L’esclandre apparut patent et terrible, lorsque furent réunis, durant une matinée fâcheuse pour Amande, et l’arrivée hâtive de son père à la Conciergerie où elle était venue échouer, et l’annonce publique que la jeune fille se trouvait en prison… Ce fut au vrai un scandale parisien, risible et excessif, mais qui courut le risque de faire perdre une partie de ses relations à cet homme devenu furieux et sans pitié.
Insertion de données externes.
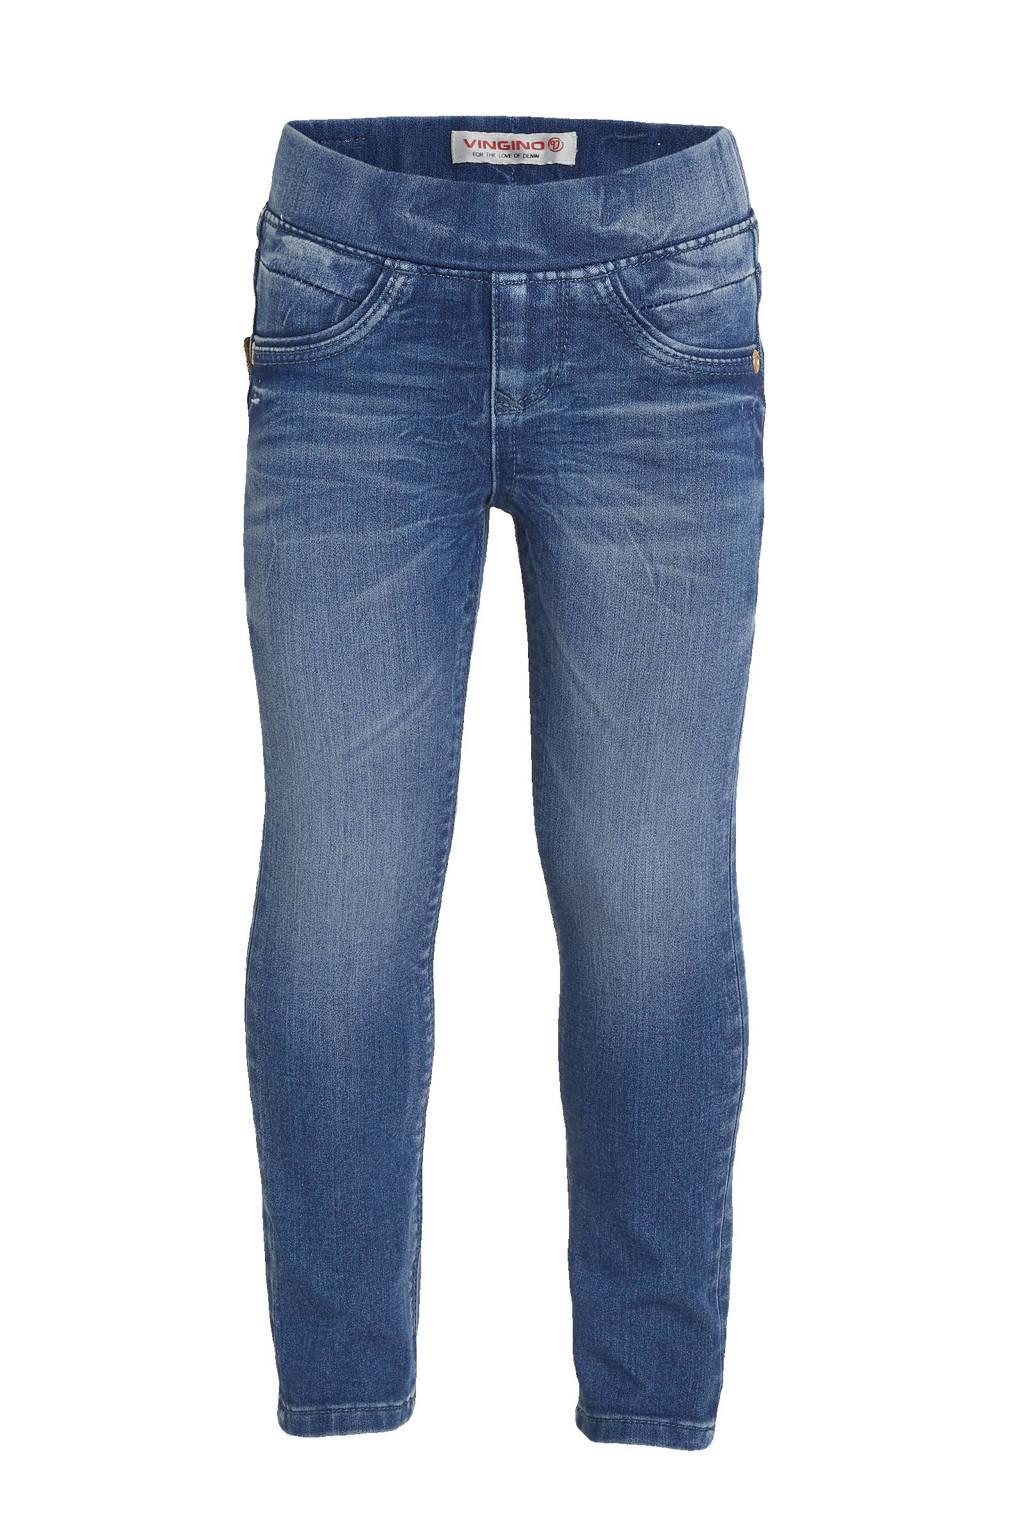 Vingino regular fit jeans Beth mini electric blue, Electric blue
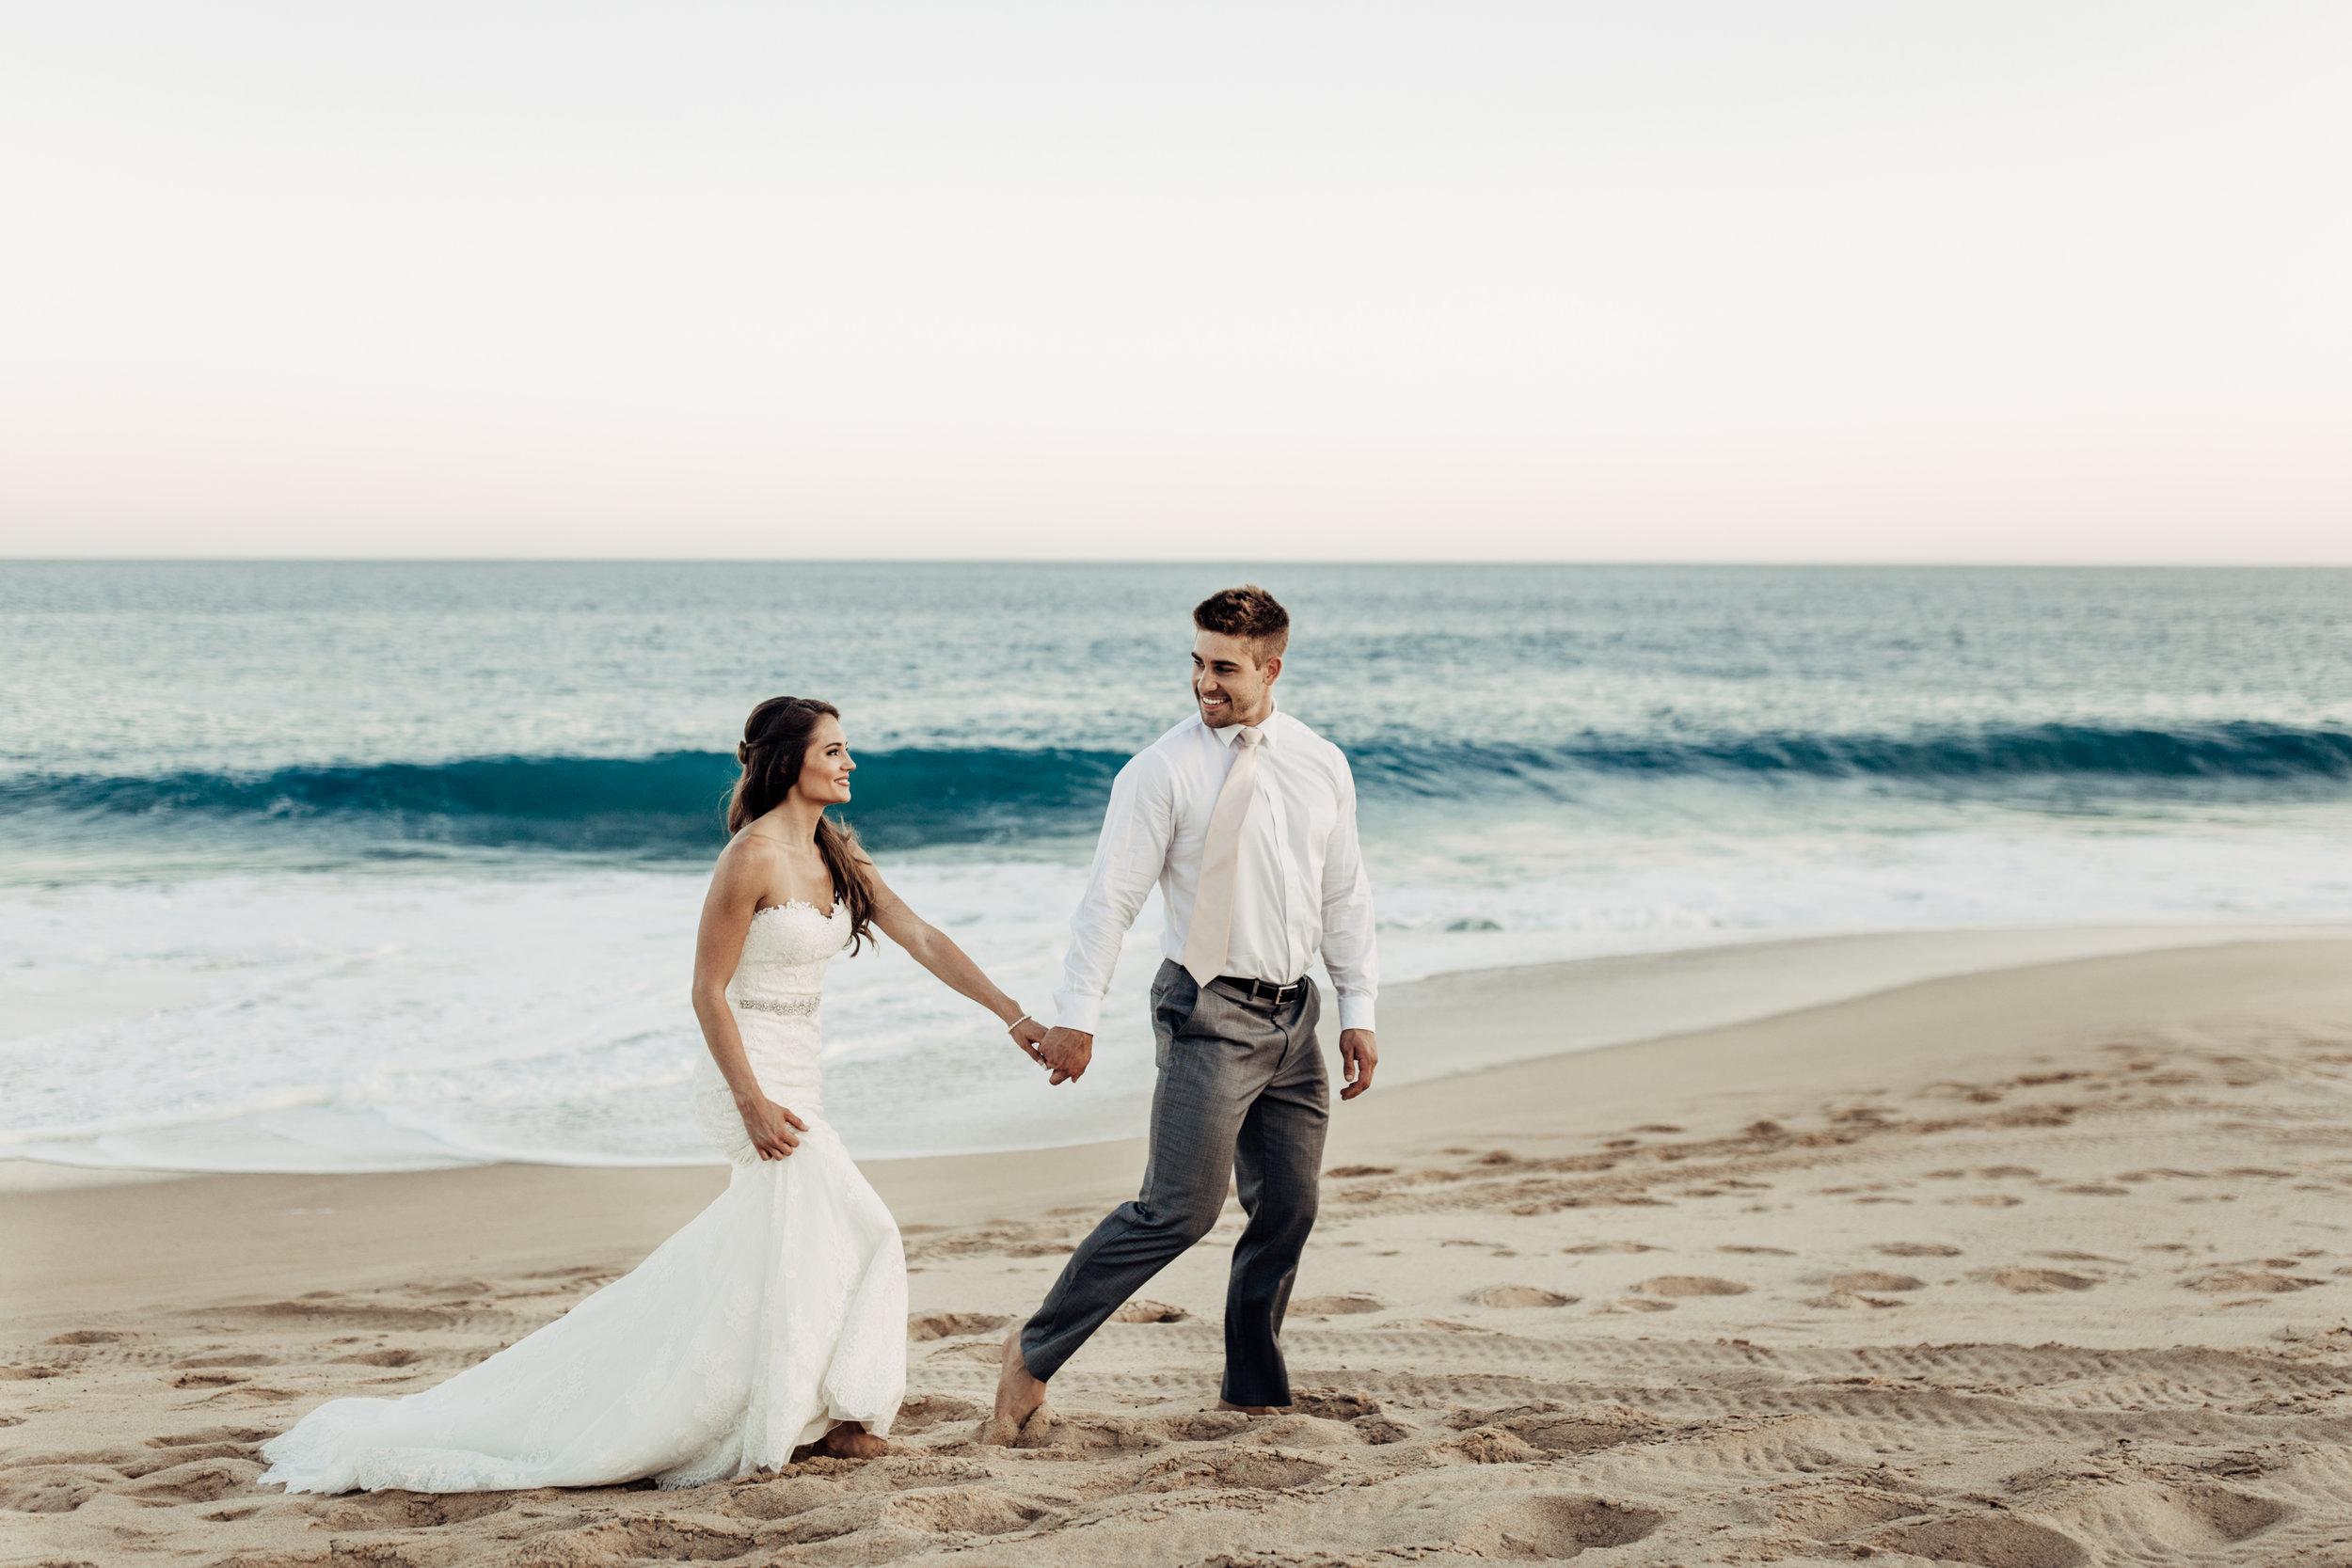 pueblo-bonito-sunset-beach-wedding-cabo-san-lucas500.jpg

Il ne voulut donc écouter aucune des explications de sa fille lorsqu’elle lui fut rendue, sans nulle excuse d’ailleurs. Personne au surplus ne croit à ces rencontres bizarres de faits, qui bouleversent parfois certaines existences. Cela semble vraiment par trop romanesque. C’est en effet un sentiment très affermi dans l’âme des citoyens que celui de la norme universelle. Bien entendu rien n’est si absurde et si stupide, mais les sociétés durent par cette continuité dans la certitude que l’honnête homme et le voleur ne se ressemblent point, ni leurs existences… C’est encore la raison pour laquelle les juges ne croient jamais à l’innocence de personne, et guillotineraient volontiers, si on ne les retenait pas, tous accusés coupables et innocents, pour tous délits, vrais ou imaginaires. En effet, à leurs yeux il n’y a que deux sortes d’événements : ceux qui arrivent, lesquels ont comme gabarit la logique, la raison et l’évidence, et ceux qui n’arrivent pas. Ces derniers se reconnaissent à leur étrangeté, à leur complication, et à leur apparence paradoxale. Ce sont eux qu’invoquent toujours les prétendus innocents. Par exemple, il n’arrive jamais ou il ne doit pas arriver qu’un homme riche soit coupable d’aucun délit. De même en cas de délit sexuel à deux, c’est la femme qui est obligatoirement le coupable. Enfin, quand un crime s’est effectué, être soupçonnable, c’est être coupable. Car, il serait attentatoire aux déférences dues à l’intelligence des élites sociales, représentées par la magistrature, qu’un personnage accusé fût innocent…

Bref, tout ce que put dire Amande pour expliquer comment elle se trouvait au Bois de Boulogne à trois heures du matin, était vain, un peu ridicule et incapable de convaincre personne.

Elle dut renoncer à se prétendre une victime de la perversité mâle.

Et son père en acquit une fureur durable, qui semblait pourtant mal harmonisée avec cet esprit sceptique et dépourvu de préjugés.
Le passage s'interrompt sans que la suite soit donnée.